Ask HN: Got any tips for profiling and tuning C? - ghotli
I'm a casual C developer. Up until recently it's been kind of a love/hate relationship. I mostly attribute that to being ignorant of the breadth of debugging, tuning, and profiling toolsets that are out there.<p>We use an open source tile rendering engine that's entirely written in C. My goal is to identify it's data access patterns. This will help me determine which functions need to be optimized, or how to reorder the data on disk to to optimize for those data access patterns.<p>I'm going to eventually end up reading the whole codebase, but I'm certain that there are best practices for determining this kind of information that I am just unaware of. I'm vaguely familiar with gdb and valgrind, but I feel like I'm only scratching the surface of their capabilities.<p>What kind of tooling is everyone else using these days? My specific use case is on linux, but I'd appreciate tips across the board.<p>I'm also interested to see if recompiling with llvm and clang would give me any performance increase. I see there are malloc replacements like tcmalloc and hoard. Does anyone have experience with these?
======
tmsh
For profiling: usually as a first pass I turn to PG. :) Seriously though, add
'-pg' to your CFLAGS and LDFLAGS, recompile, run, and look at the output in
gprof. It's a pretty good way to easily identify bottlenecks. You can pipe the
output to dot and graph the call graphs, etc. -- but I've found that less
useful than running the code that I'm trying to make more performant and
studying the first 20-30 lines of the gprof output.

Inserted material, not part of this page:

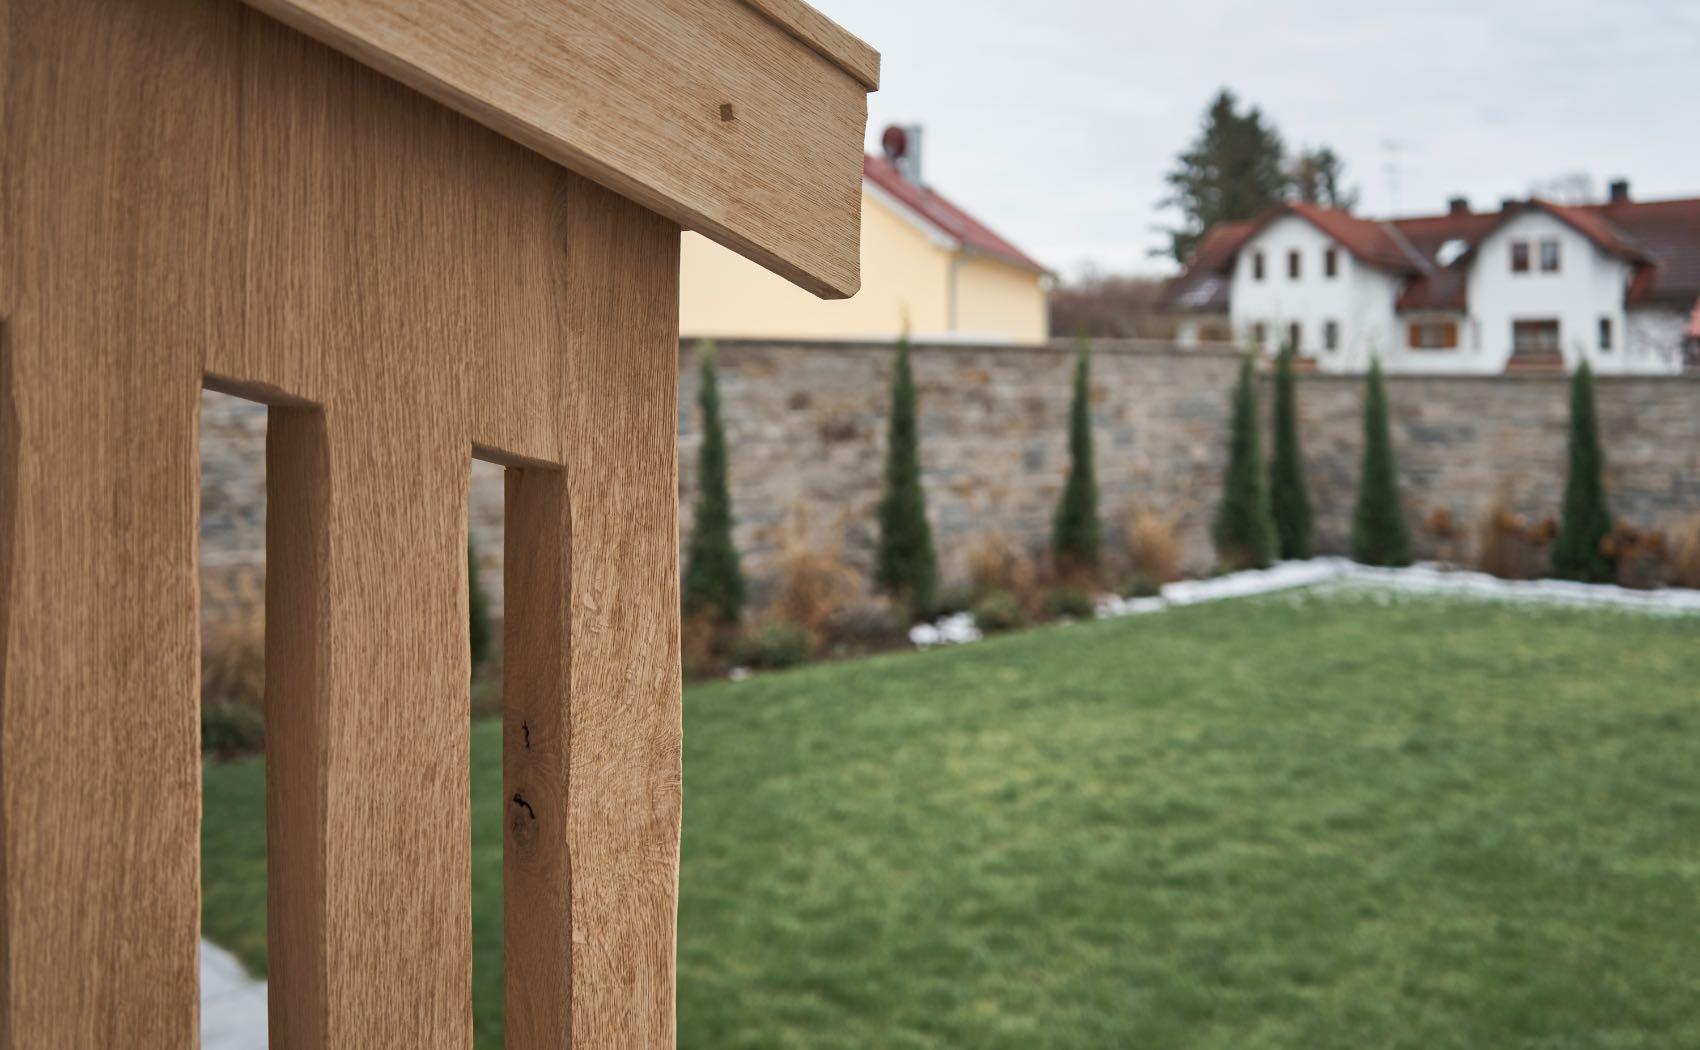 Überdachung für Brennholz
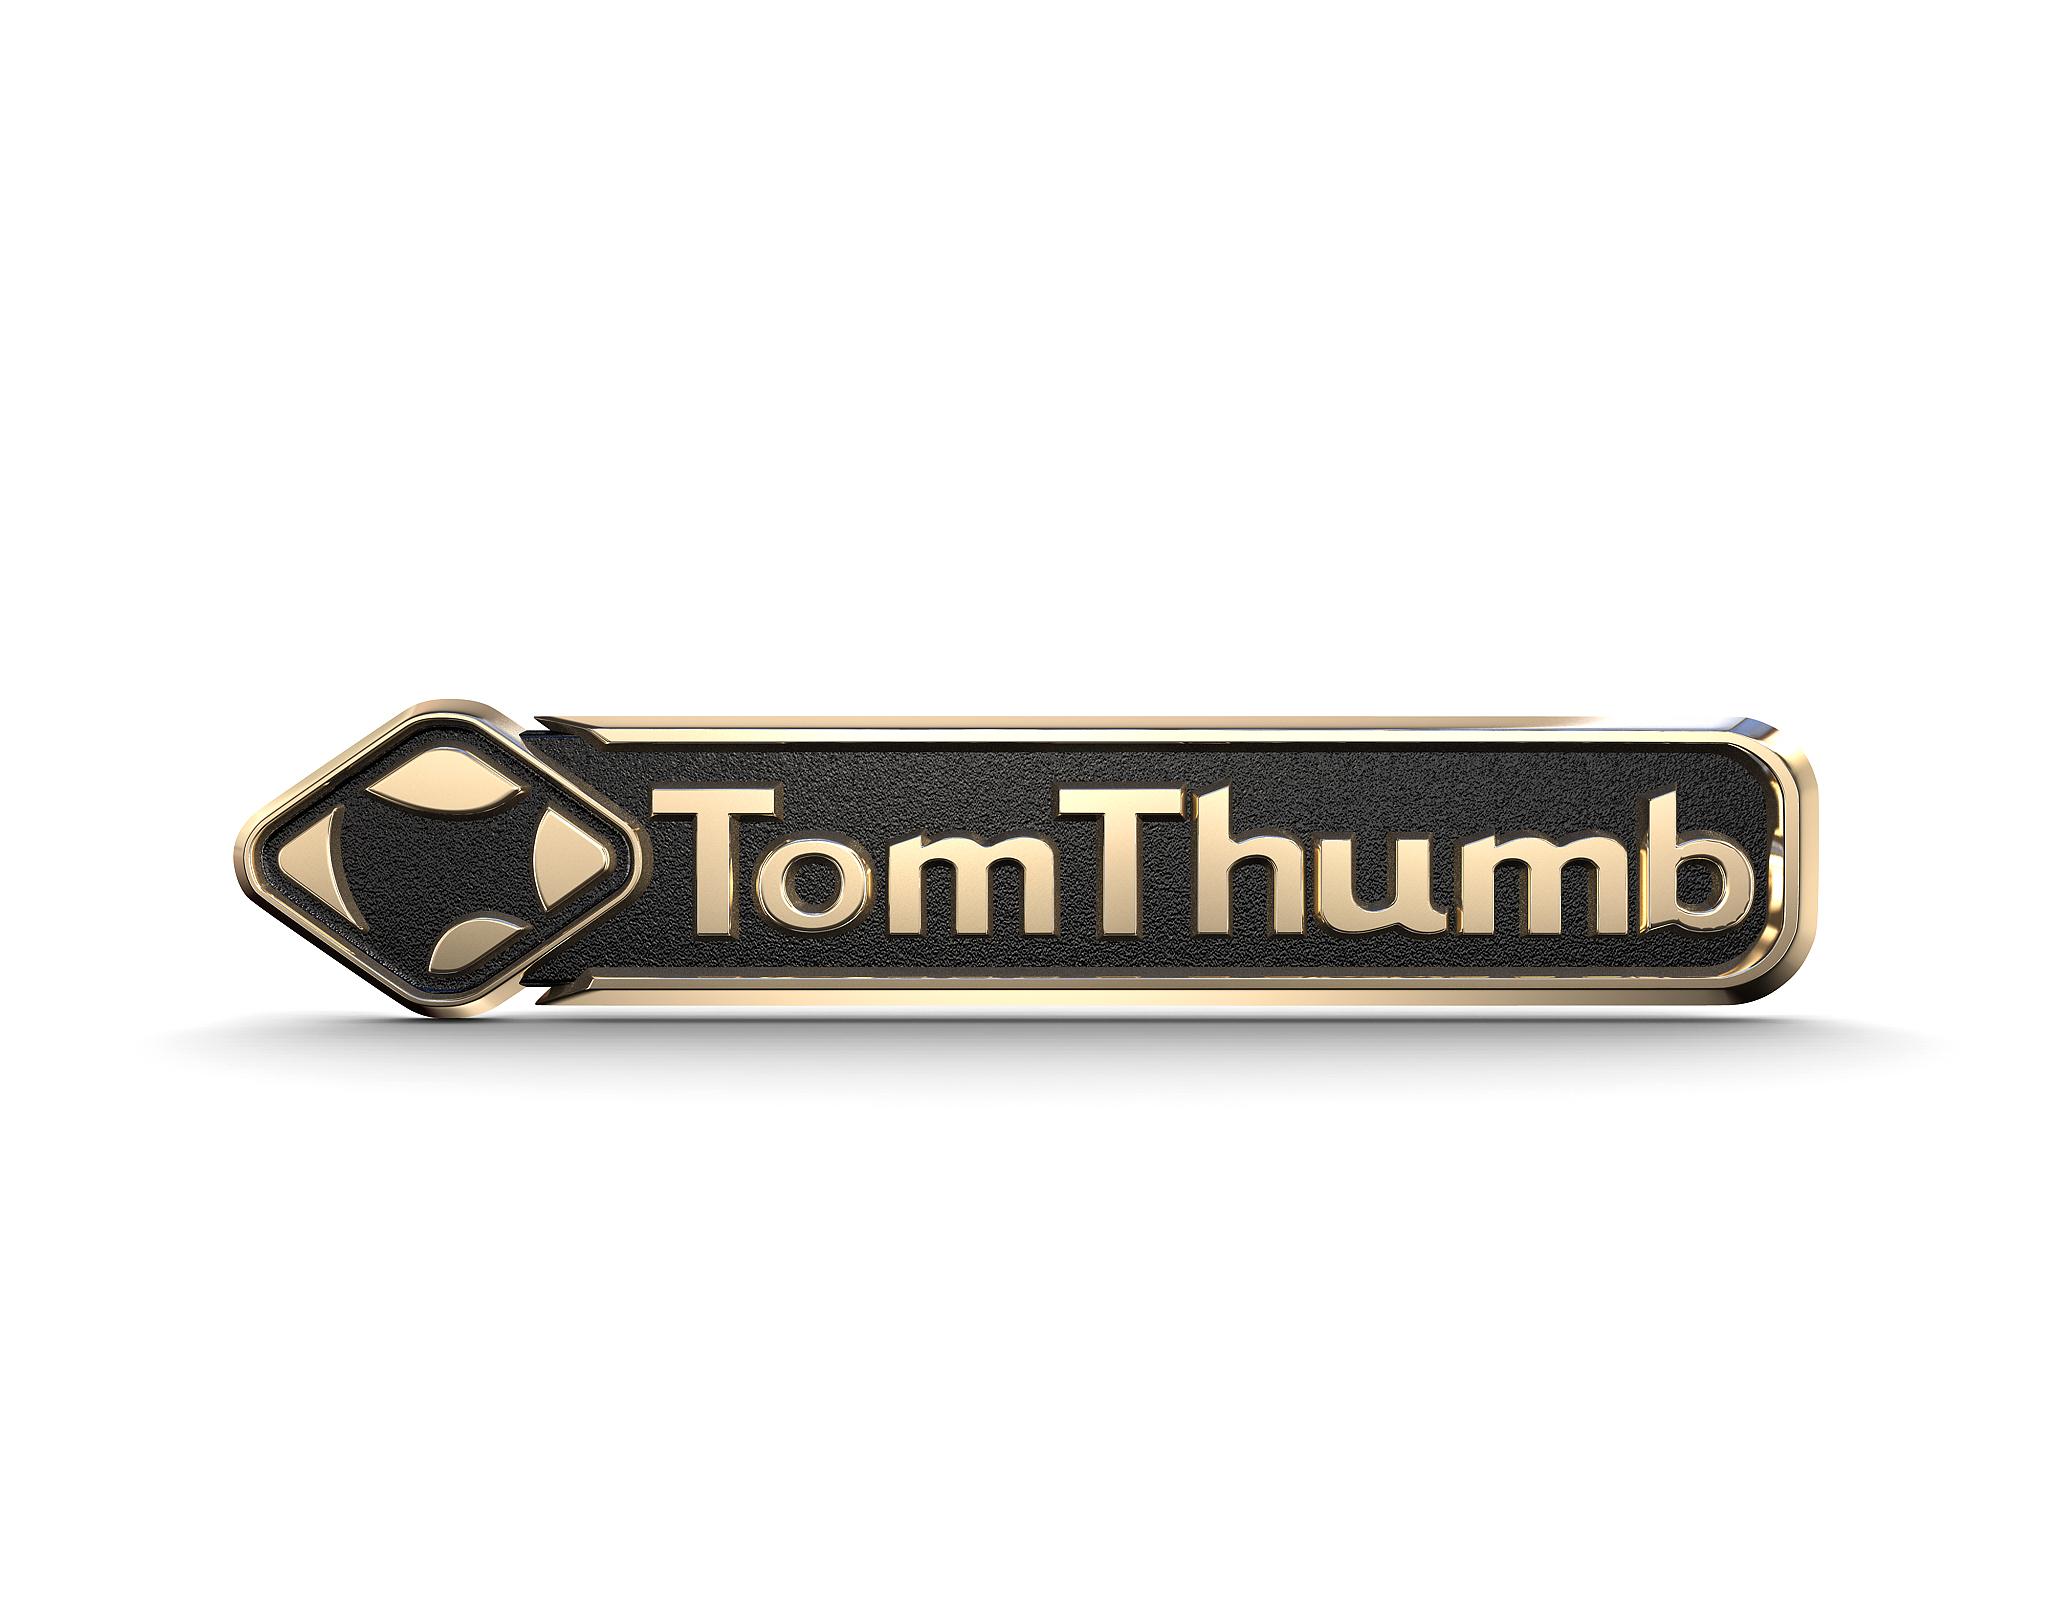 TomThumb.jpg

[http://sourceware.org/binutils/docs/gprof/Compiling.html#Com...](http://sourceware.org/binutils/docs/gprof/Compiling.html#Compiling)

There are better alternatives as well. But adding -pg first is just so easy,
and usually (I've found for my stuff) is enough...

For code discovery: I've experimented with strace as others mention (and
ltrace). And there are awesome things like Fenris in theory:

<http://lcamtuf.coredump.cx/fenris/devel.shtml>

But I could never really get them to work personally in practice. Though I
learned a lot about what good integration at the terminal level could look
like by browsing them. At some point, I hacked together vim and gdb
integration pretty well for my purposes (or I should say, improved on the
clewn project. I'm pretty happy with it). I wonder if others have done similar
things. Anyway, I'm curious what others say as well.

------
stonemetal
AMD CodeAnalyst is free and pretty good if you have an AMD CPU. If you have an
Intel processor it still works it just does less.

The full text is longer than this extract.